Sur cette question, Philippe Folliot déplore que “l’ampleur de la situation sur place a été sous-estimée et que les forces militaires dépêchées sur place sont insuffisantes – 2 000 Français et 6 000 Africains de la MISCA, alors que les experts évaluent le besoin à plus de 30 000 soldats – pour stabiliser le pays” et que “la tâche de nos soldats se révèle donc bien plus complexe que nous ne l’avions imaginée, la situation étant de plus en plus intenable”.

Par ailleurs, le groupe UDI se réjouit évidemment de l’envoi en Centrafrique “d’une force européenne”. Seulement, M. Folliot a estimé qu’”un acte politique fort, dans une opération de cette nature, ne saurait se résumer à un acte symbolique tel que celui-ci, d’autant que cette force serait pour le moment composée en grande partie de Français, de nos amis estoniens et géorgiens ainsi que de quelques éléments roumains et polonais. Mais tous les grands pays européens en sont absents car, en réalité, l’Europe ne nous suit pas”.

Le co-président du groupe écologiste, François de Rugy, a quant à lui insisté, là aussi, sur la faiblesse des moyens engagés.
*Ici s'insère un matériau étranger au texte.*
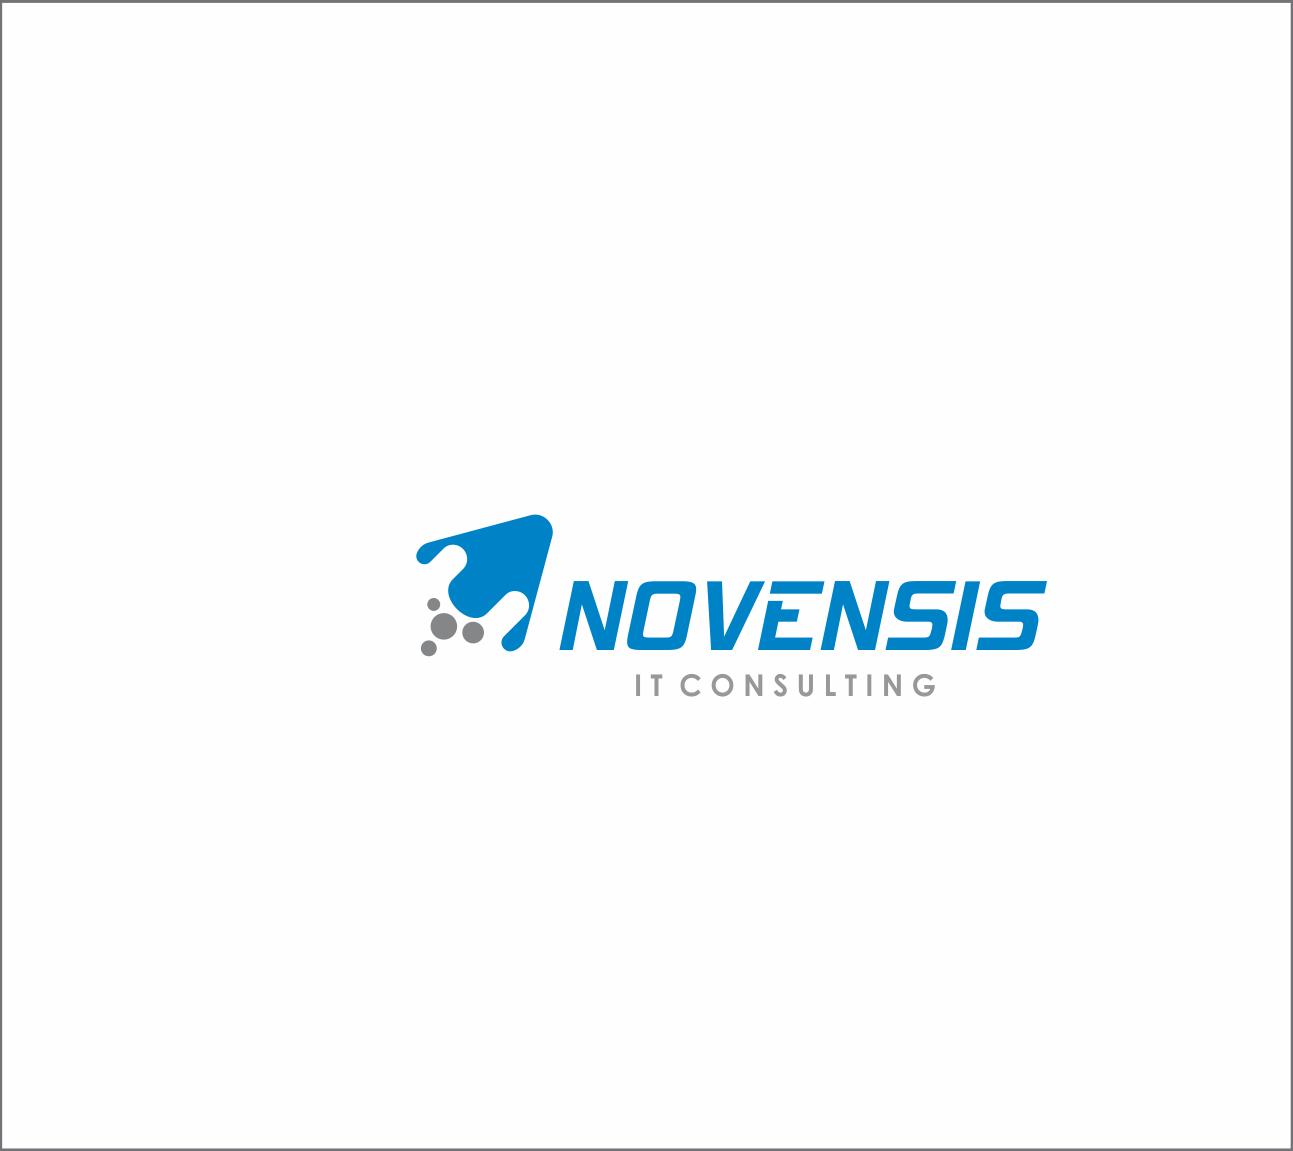 Logo Design by Armada Jamaluddin - Entry No. 118 in the Logo Design Contest Novensis Logo Design.

Et de proposer que la France “double” ses “effectifs militaires présents sur  le théâtre centrafricain, en une fois et pour un délai de quatre mois, soit le temps de rotation d’une mission extérieure”. Selon lui, l’envoi de 400 hommes supplémentaires est insuffisant. “Cette tactique d’incrémentation est généralement inopérante dans la mesure où elle contribue à alimenter la résilience des groupes armés et échoue à produire un effet dissuasif massif”, a-t-il fait valoir.
Enfin, au nom du groupe de la gauche démocrate et républicaine, le député André Chassaigne – qui s’est abstenu – a expliqué que “les parlementaires du Front de gauche refusent de signer un blanc-seing en faveur de l’intervention française” mais que “face à cette situation de chaos”, il n’est pas possible “de retirer nos troupes” et d’”abandonner le peuple centrafricain à son triste sort”.
Au final, les députés ont donc voté la prolongation de l’opération Sangaris, avec 428 voix pour, 14 contre et 21 abstentions, sur 463 votants (ndlr, il y a 577 sièges…). Même chose au Sénat (voir le compte-rendu des débats ici) où l’on compte 328 voix pour et 15 abstentions (il y a 348 sièges au Sénat). Seulement trois sénateurs se sont prononcés contre.